Copy out all of the lines below exactly; the pictures do not belong in the copy.

[INFORMATION SUPPLIED]
▬▬▬▬▬▬▬▬▬▬
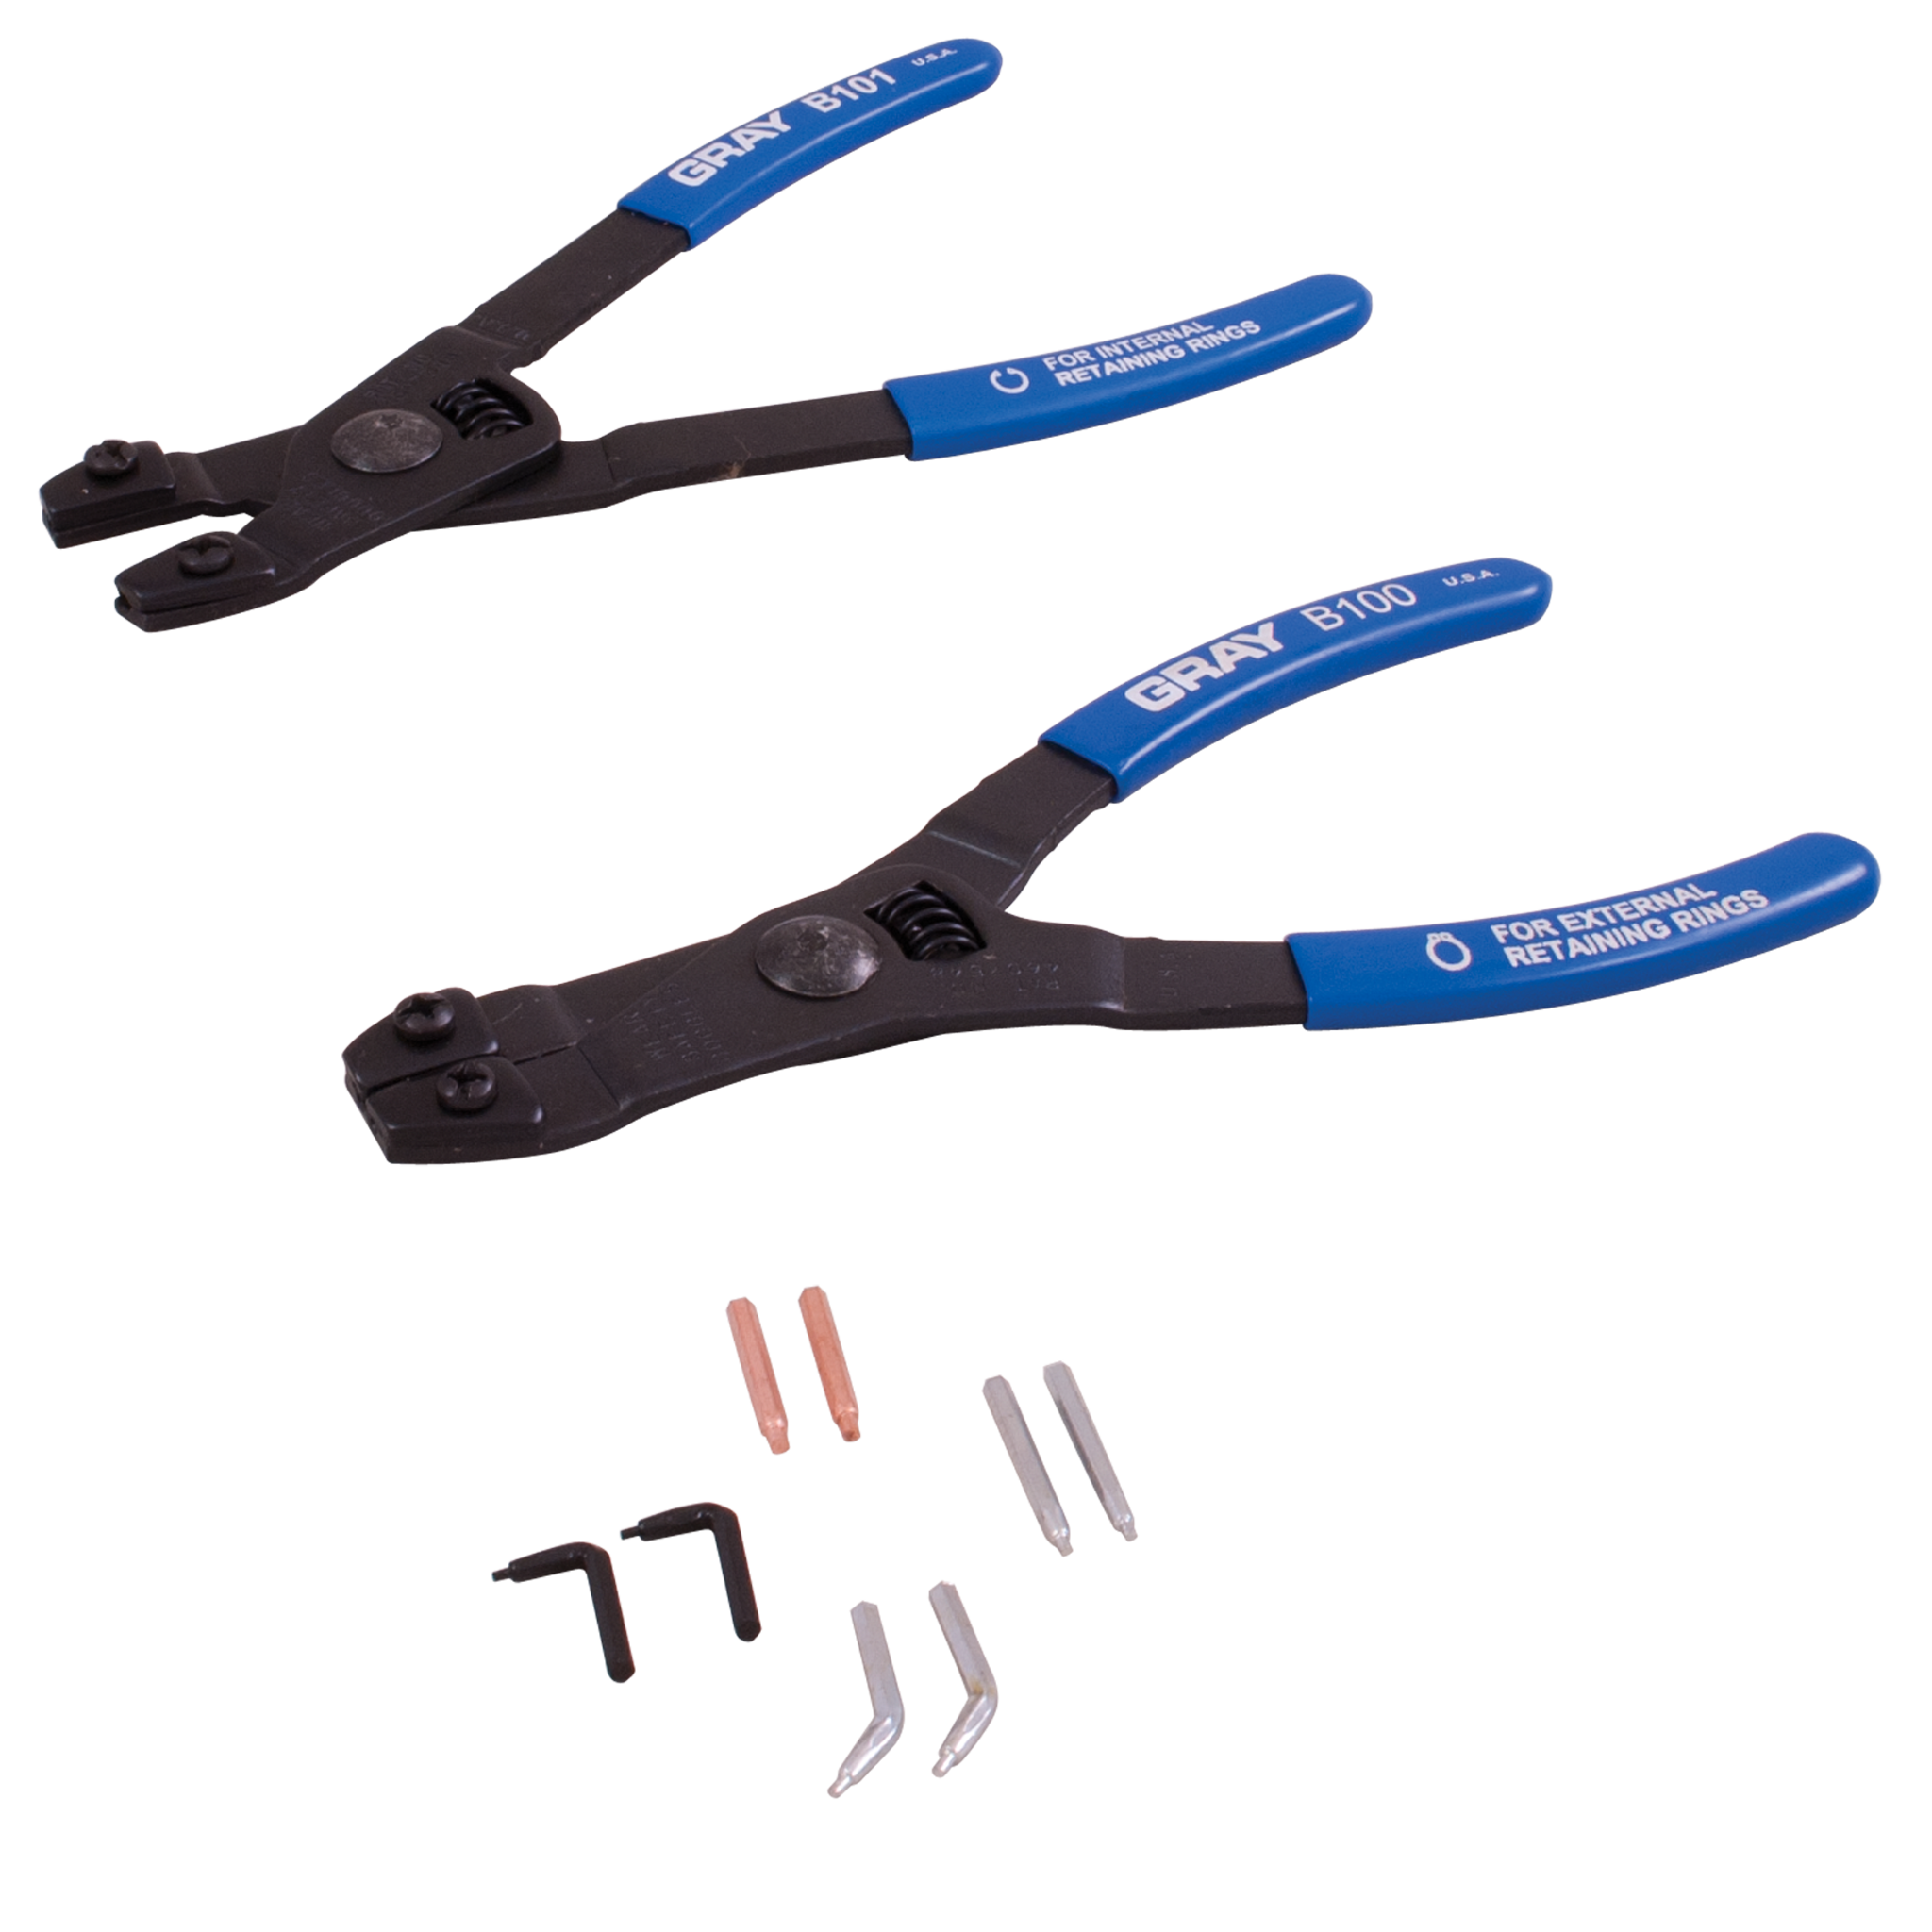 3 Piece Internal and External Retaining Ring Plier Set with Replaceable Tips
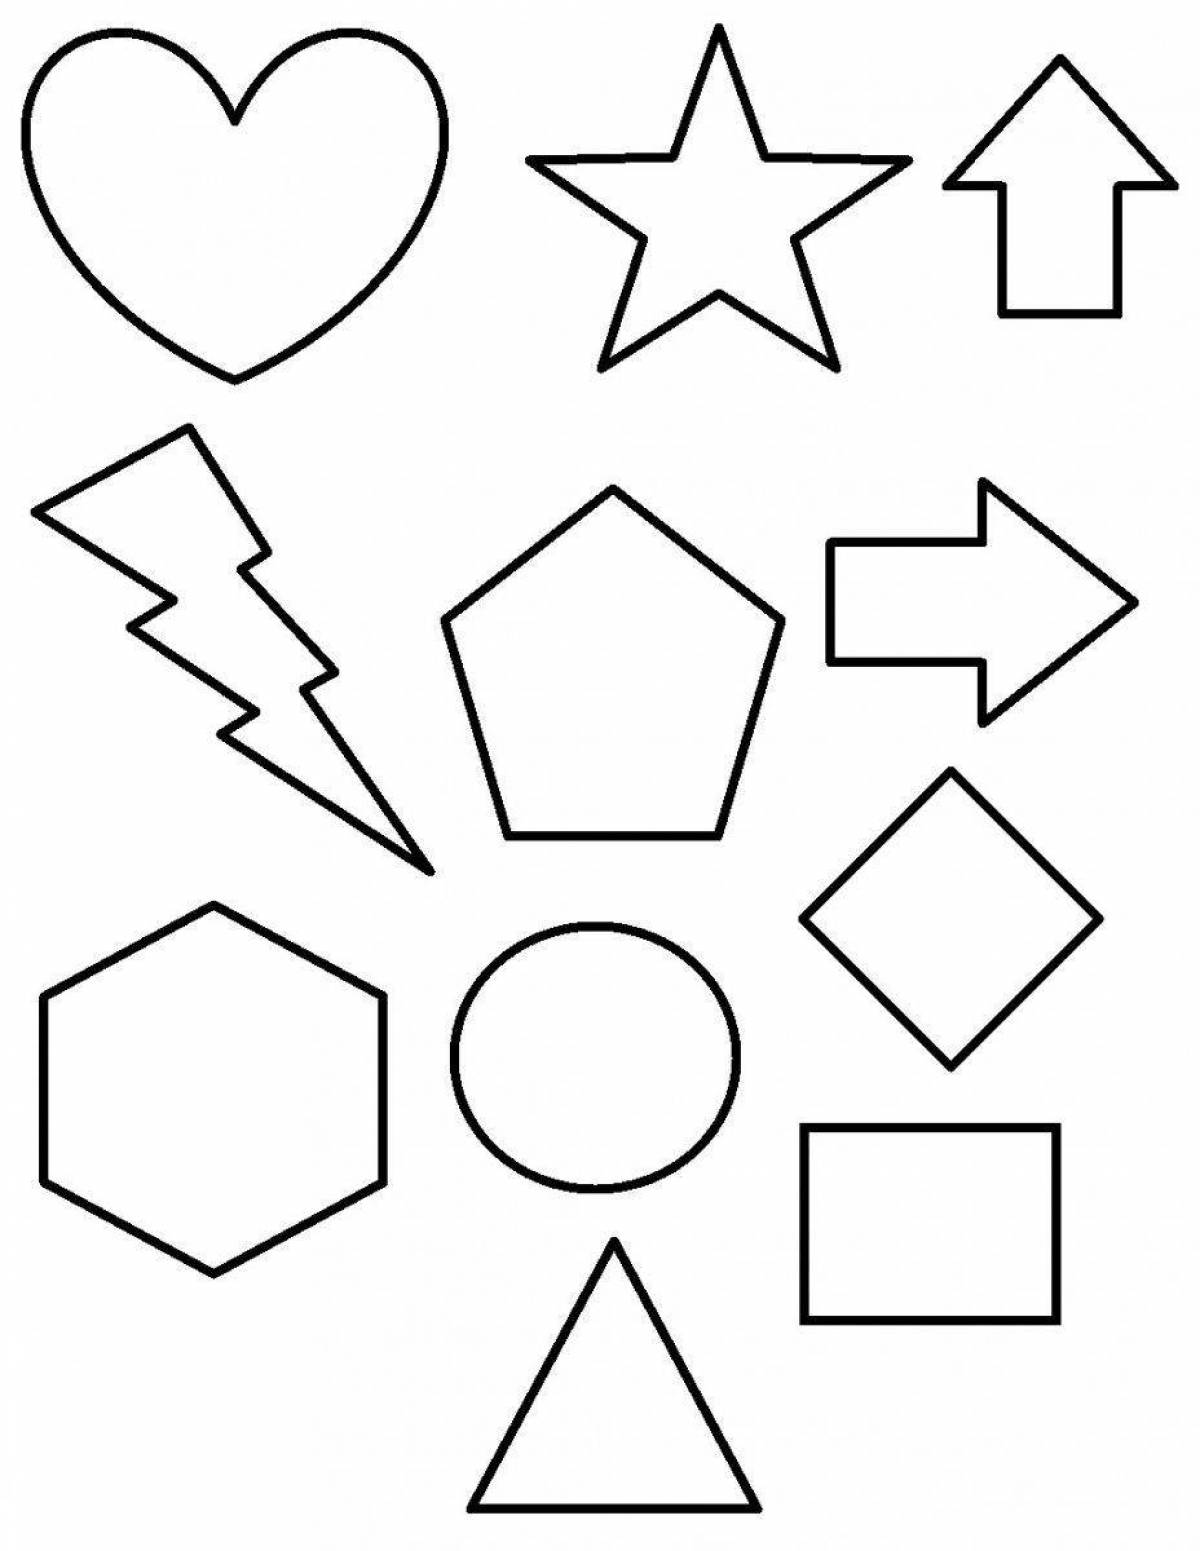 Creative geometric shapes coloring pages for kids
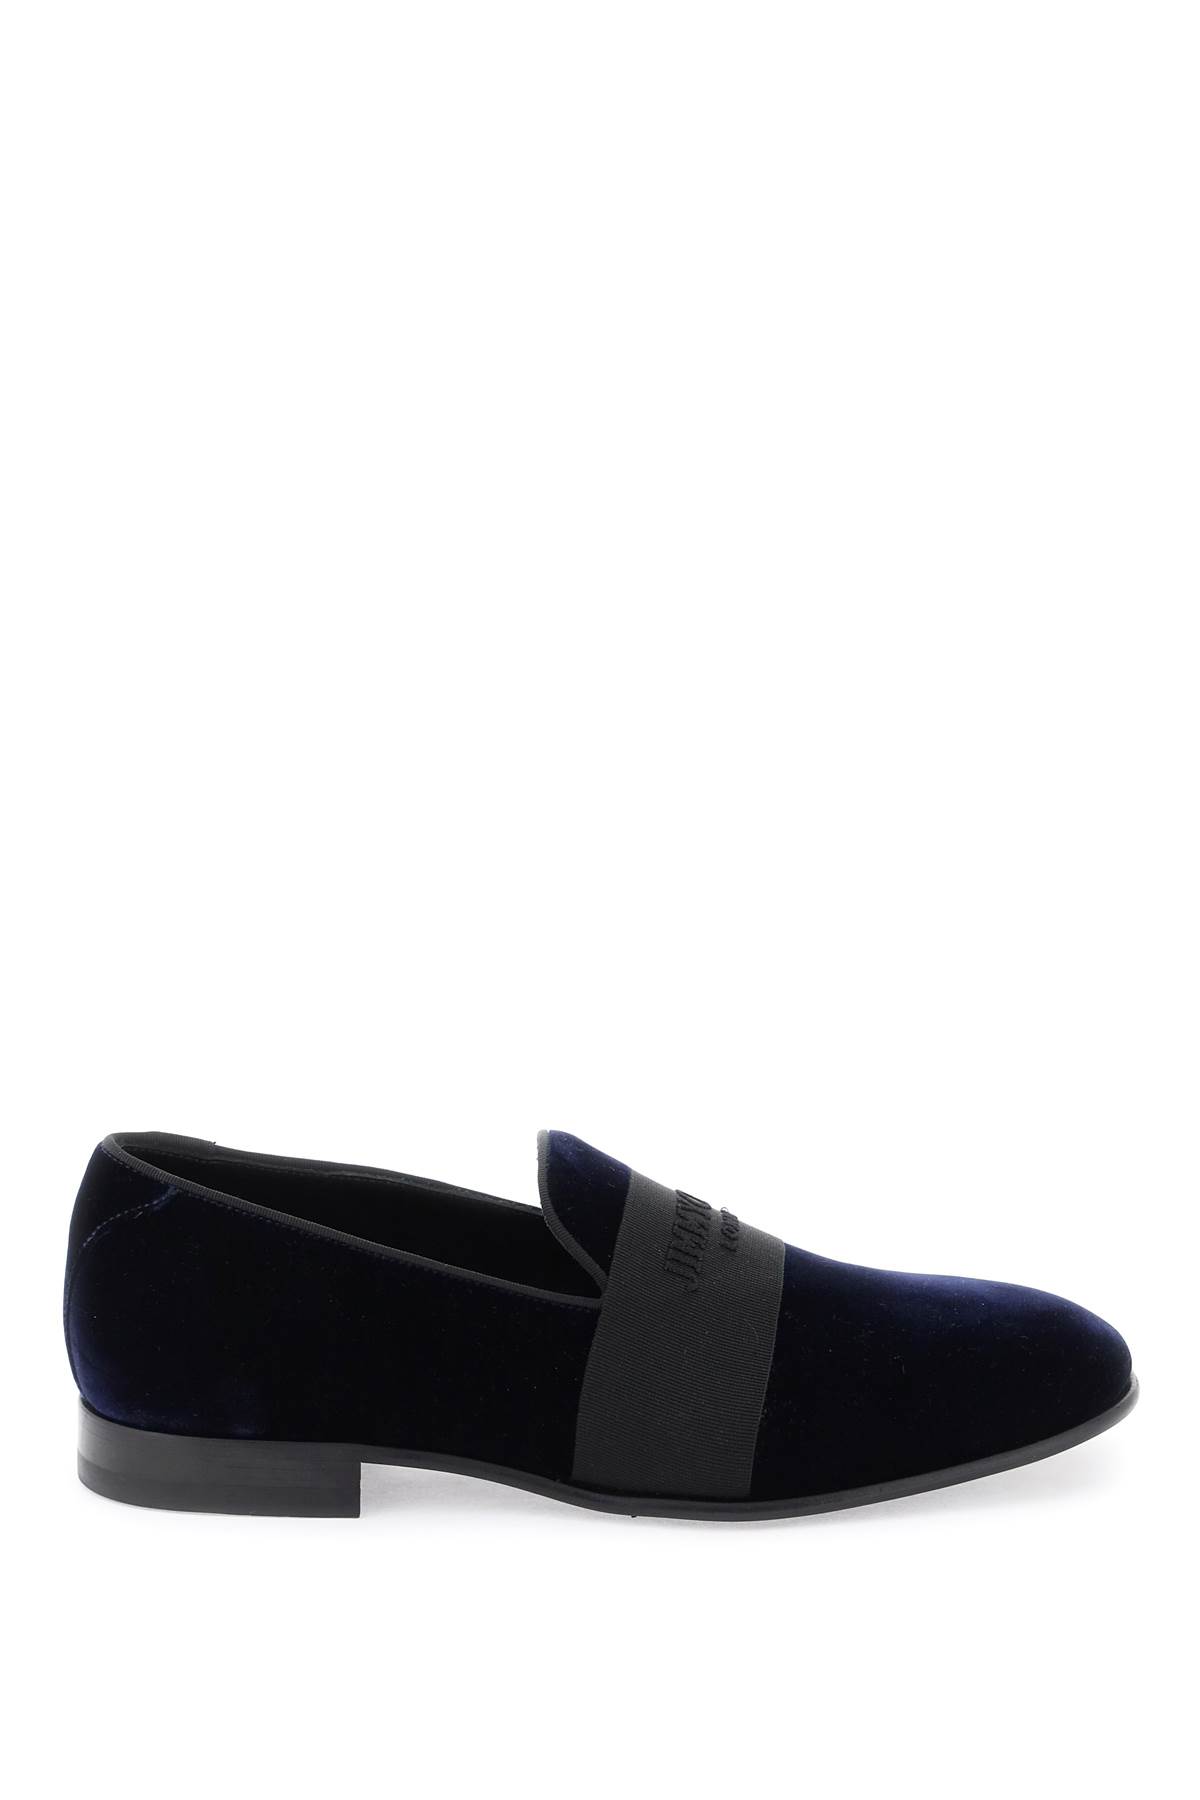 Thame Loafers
▬▬▬▬▬▬▬▬▬▬
[ANSWER AREA]
 3 Piece Internal and External Retaining Ring Plier Set with Replaceable Tips
 Creative geometric shapes coloring pages for kids
 Thame Loafers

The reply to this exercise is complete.